To help you manage the Quality of Service of your applications, Instana detects three types of an event.
An incident helps you to understand situations impacting your edge services and critical infrastructure by automatically learning their behavior and health, and then sending alerts when they become unhealthy. Edge services are what customers or other systems outside the monitored application actually access; they are the external deliverables of the application.
Incidents are created as soon as Instana detects either a key performance indication (KPI) is breached on an edge service, or a critical infrastructure issue. For more context, see our Analyze and Derive Application Health blog.
For discovered application services, Instana tracks the following KPIs:
- Load (calls/second).
- Latency (response time in milliseconds).
- Errors (error rate).
Instana automatically measures these KPIs for every service, and applies machine learning on each one to figure out the health of a service. Typical problems that are detected are:
- The error rate is higher than normal.
- The performance of the service is slow.

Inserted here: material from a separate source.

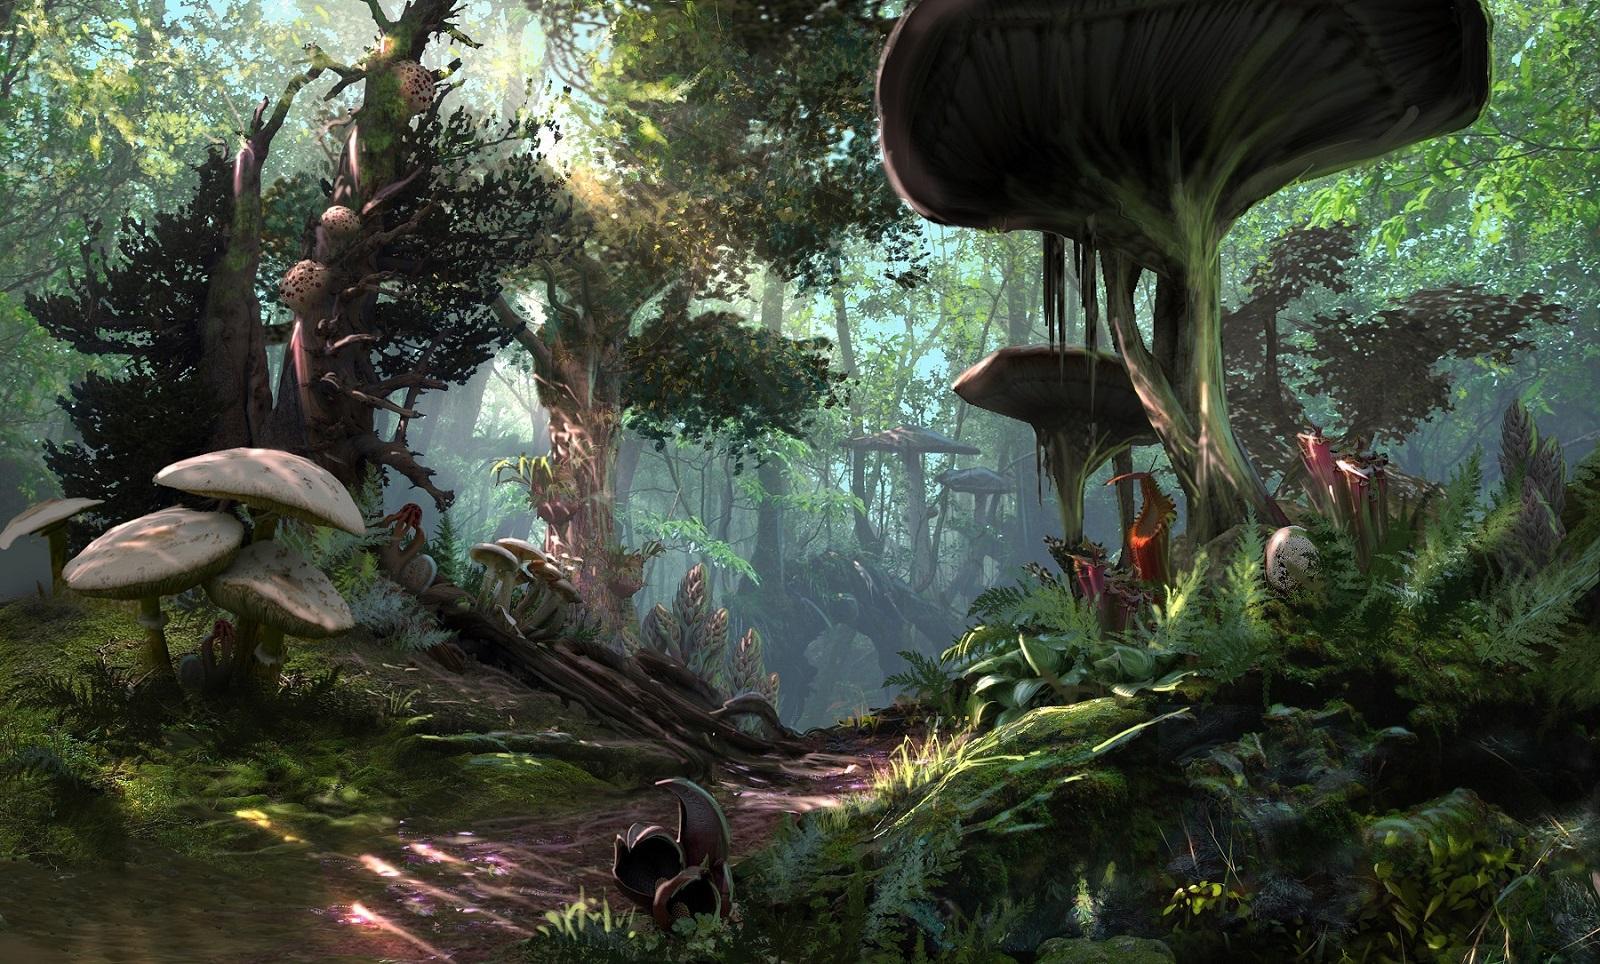 Elder Scrolls Online Runs At 4K30FPS On XB1X With

- There is a sudden drop of load.
KPIs are determined by capturing and analyzing every trace across the services and the application. Traces automatically capture errors like status codes or exceptions to find out if something went wrong. Traces also measure the time spent in each service and underlying components. Based on the Google Dapper architecture, a trace is a tree that consists of spans, where a span is a basic unit of work. In the microservice world, one span normally equals one request to a service or component, like a database. This means that we not only have an end-to-end trace of the application, but also the information about the performance of each individual service and component.
If the health of a service is impacted, Instana creates a new incident and by traversing the Dynamic Graph of issues and events, correlates it with all the other incidents. This gives a comprehensive overview of the situation regarding service and event impact.
An issue is an event that is triggered if something out of the ordinary happens.
Critical infrastructure issues, such as disk saturation and Elasticsearch cluster split brain situations, trigger incidents because their end result is most likely data loss.
In the preceding example, the CPU steal time on one Linux machine is suspicious and therefore marked as an issue. An issue by itself does not trigger an alert, Instana simply notes that it happened. Should the service to where this system is connected behave badly, this issue will be part of the incident. This methodology is one of the major benefits of Instana because it frees you from manually correlating events and performance problems. Just because something is using too much CPU for a while, doesn't mean there is a problem as such. Only when a service is impacted will this be relevant information.
Instana records the time when an issue first occurs and also when the condition ceases to exist (start and end time). In this case, you see that the CPU steal exceeded the 5% limit for only around two and a half minutes (from 07:08:37 to 07:10:54). By clicking on the issue line, you will see the details on the right hand side of the screen. The increase in CPU steal is evident at around 17:10.
The View Built-in Event link brings you directly to the corresponding definition in the Events & Alerts settings for this issue. This helps to understand on which basis a particular issue has been created.
- Applications, services or endpoints which receive infrequent traffic, for example, one call every 15 minutes, are not considered to have a sufficient basis for our issue detection.
- The severity of an issue can change during its lifetime. It represents the highest severity that was ever reached by this particular issue.
A change within an environment, include but are not limited to deployments, configuration changes, server starts or stops, and are categorized by:
- Changes - Changed configuration of components.
- Offline/Online - Tracking presence of components under management.
Instana recognizes changes by tracking relevant configurations specific to each monitored technology, as well as monitoring if something goes online (monitored by Instana) or goes offline (is not monitored by Instana anymore).
Every change is recorded and typically has a duration of only 1 second (start and end time difference). Like issues, change events are also correlated into an incident should they be relevant, thus sparing you an alert just because a system went offline. Maybe it was turned off because the load decreased at the end of the working day and it was no longer needed.